The answers matter. In the case of a city expanding a storm-water system, underestimating how often heavy downpours might occur could mean pipes won’t drain fast enough to prevent flooding on streets or in homes. A new road could flood more often than expected, shortening its useful life.

First Street, which has previously examined how climate change is deepening risks posed by floods, wildfires, heat and hurricane wind strength, created its latest analysis using data from nearly 800 federal weather stations. Researchers focused on the past 20 years of rain gauge data, in an effort to highlight how the warming atmosphere has increasingly played a role in more intense rain events.

As with the group’s previous analysis, the latest findings underscore how significant amounts of risk are likely unaccounted for in parts of the country.

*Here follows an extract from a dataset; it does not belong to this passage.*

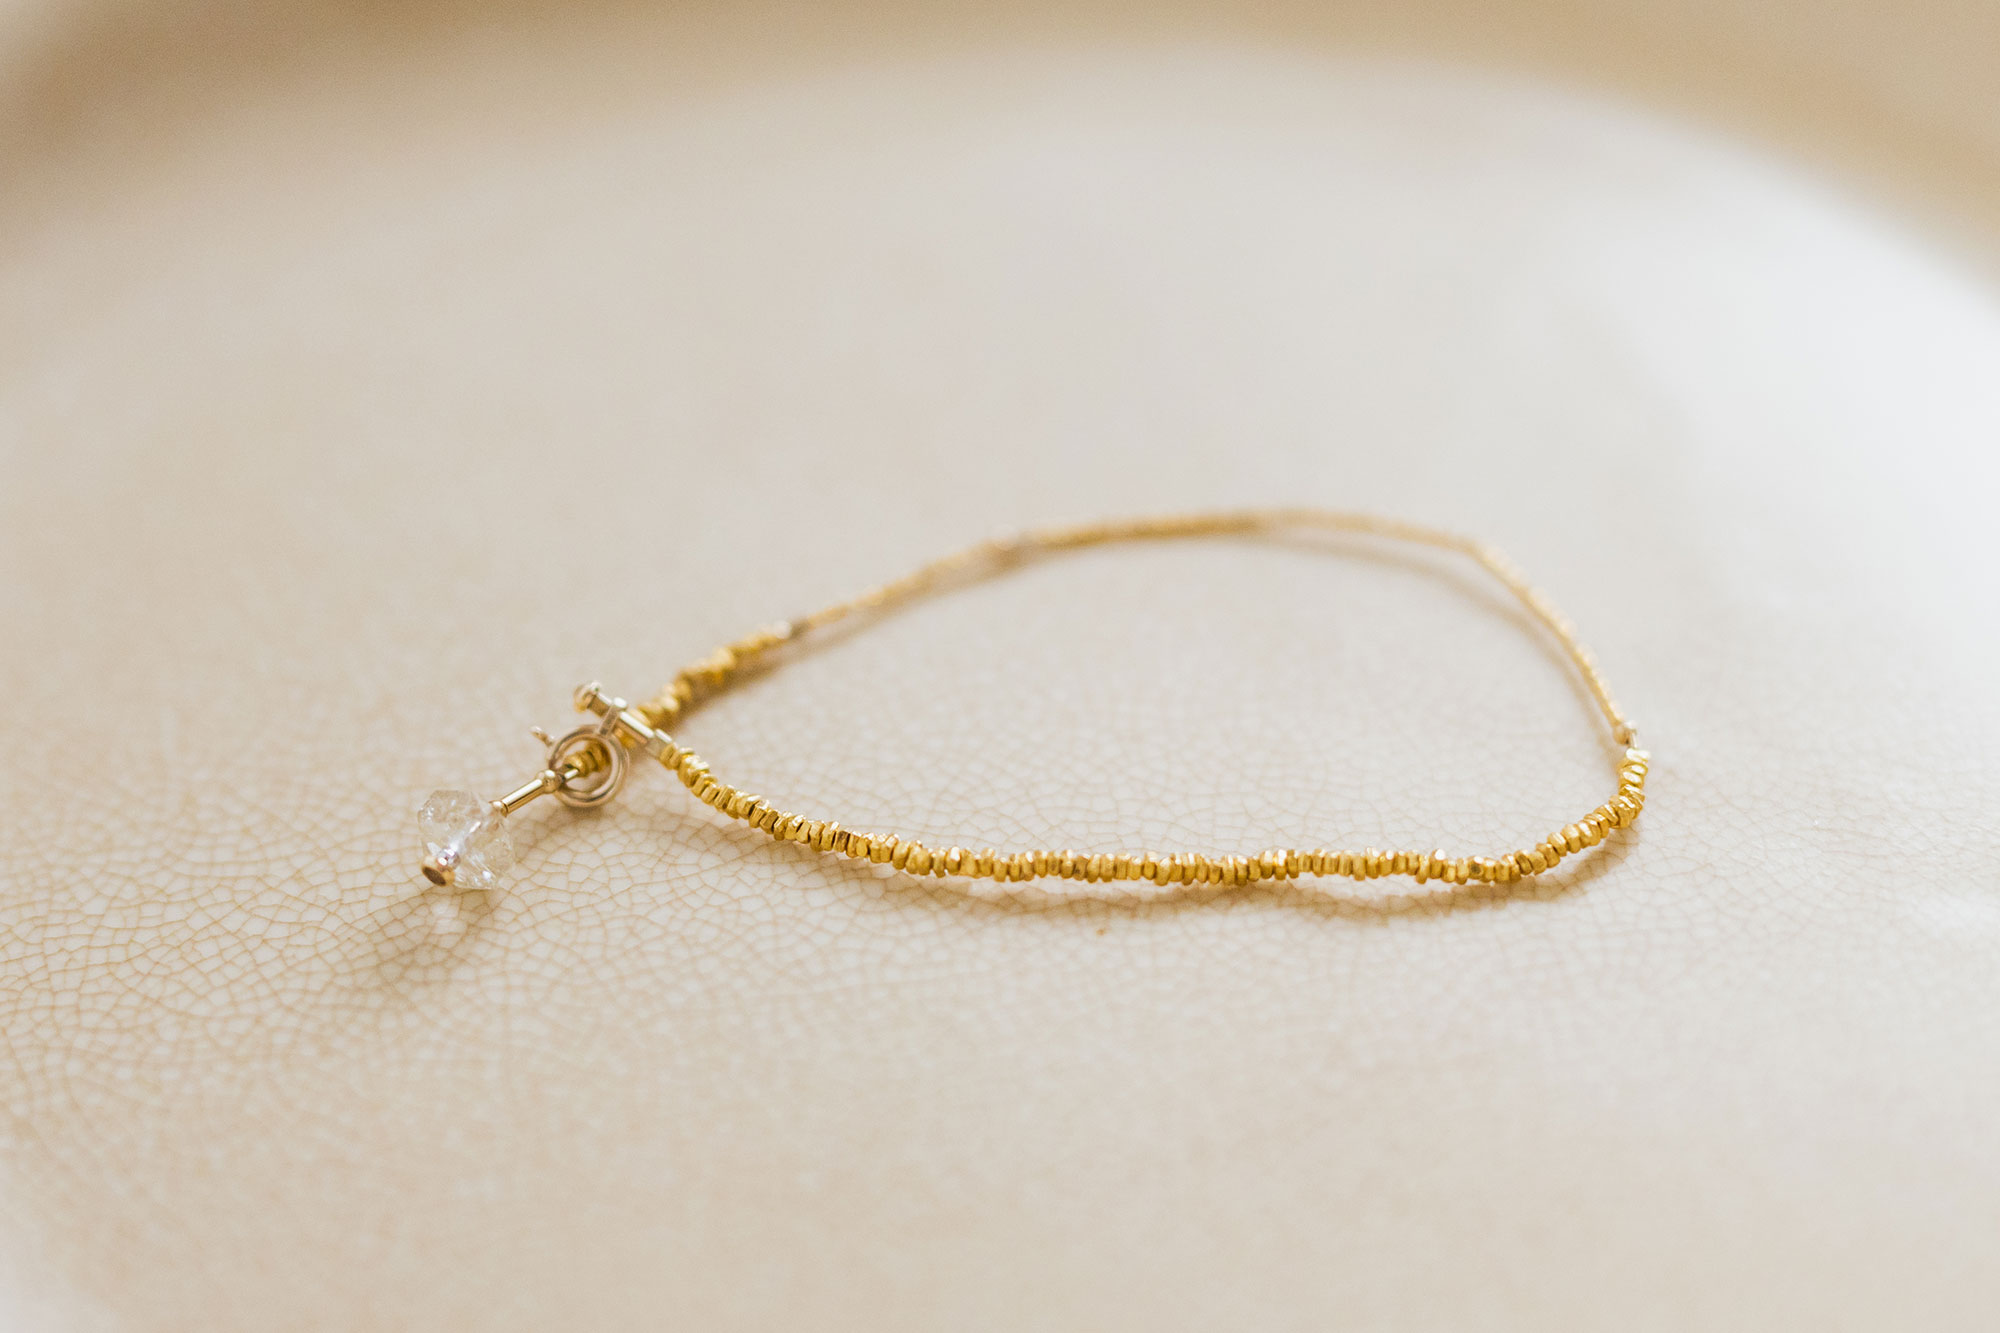 立田暁子 暁series bracelet ルチルクオーツ
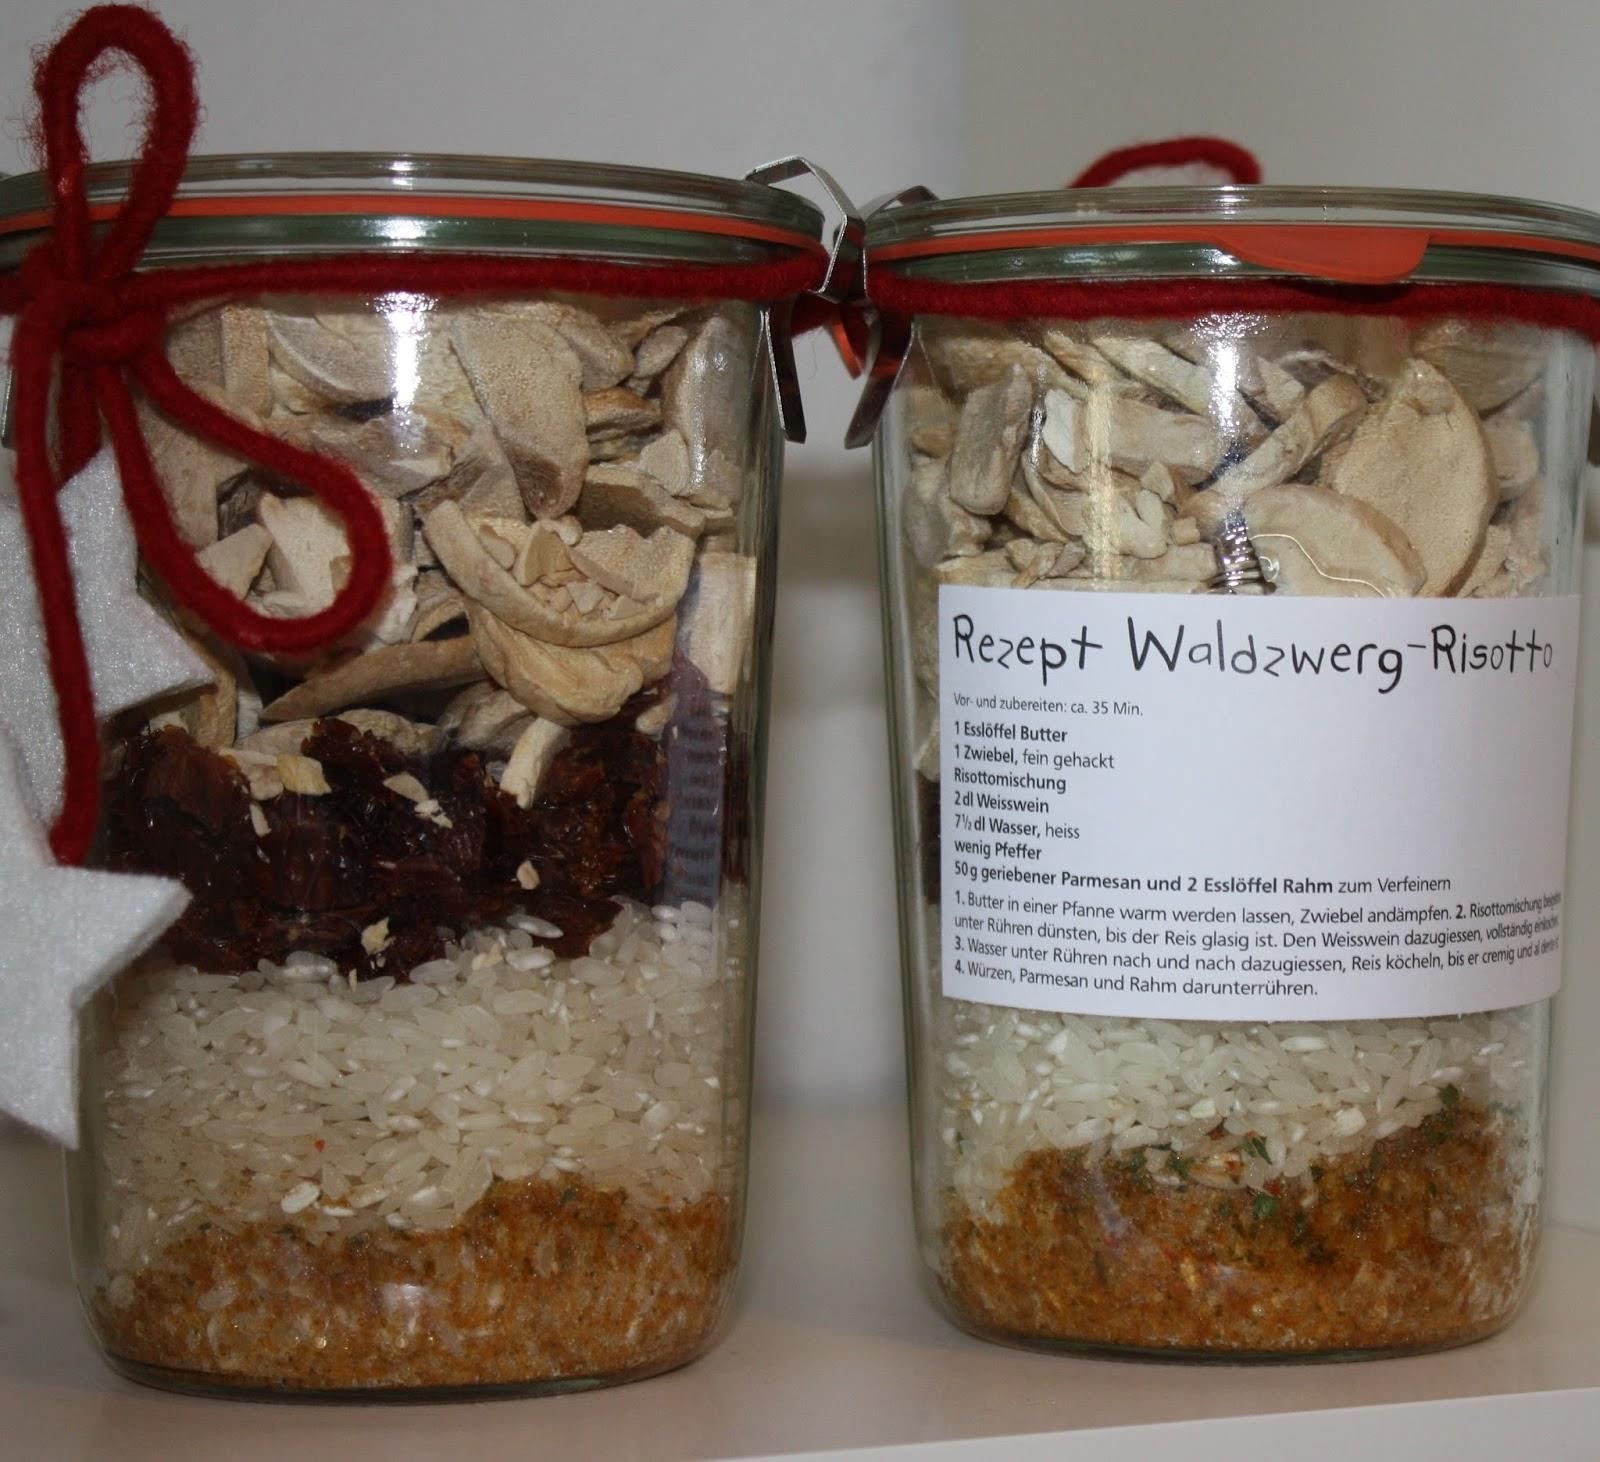 rezepte im glas zum verschenken risotto gesundes essen und rezepte foto blog. Black Bedroom Furniture Sets. Home Design Ideas

Americans should consider the rising number of catastrophic rain events in recent decades not as outliers, but rather “as the ‘new normal’ for many areas,” Monday’s report finds. “What this means for communities today is that their understanding of risk is often underestimated,” the group wrote, “and in many locations the infrastructure in place or that is currently being built to protect communities, property and individuals is built to an insufficient standard.”

For his part, Eby said he hopes the findings will help officials think carefully about how they spend taxpayer dollars on major projects, and to have the foresight to grasp how the atmosphere in many places is changing.

“This data hopefully will open people’s eyes,” he said. “[To] realize what the true risk is today, and also what it will be in the future.”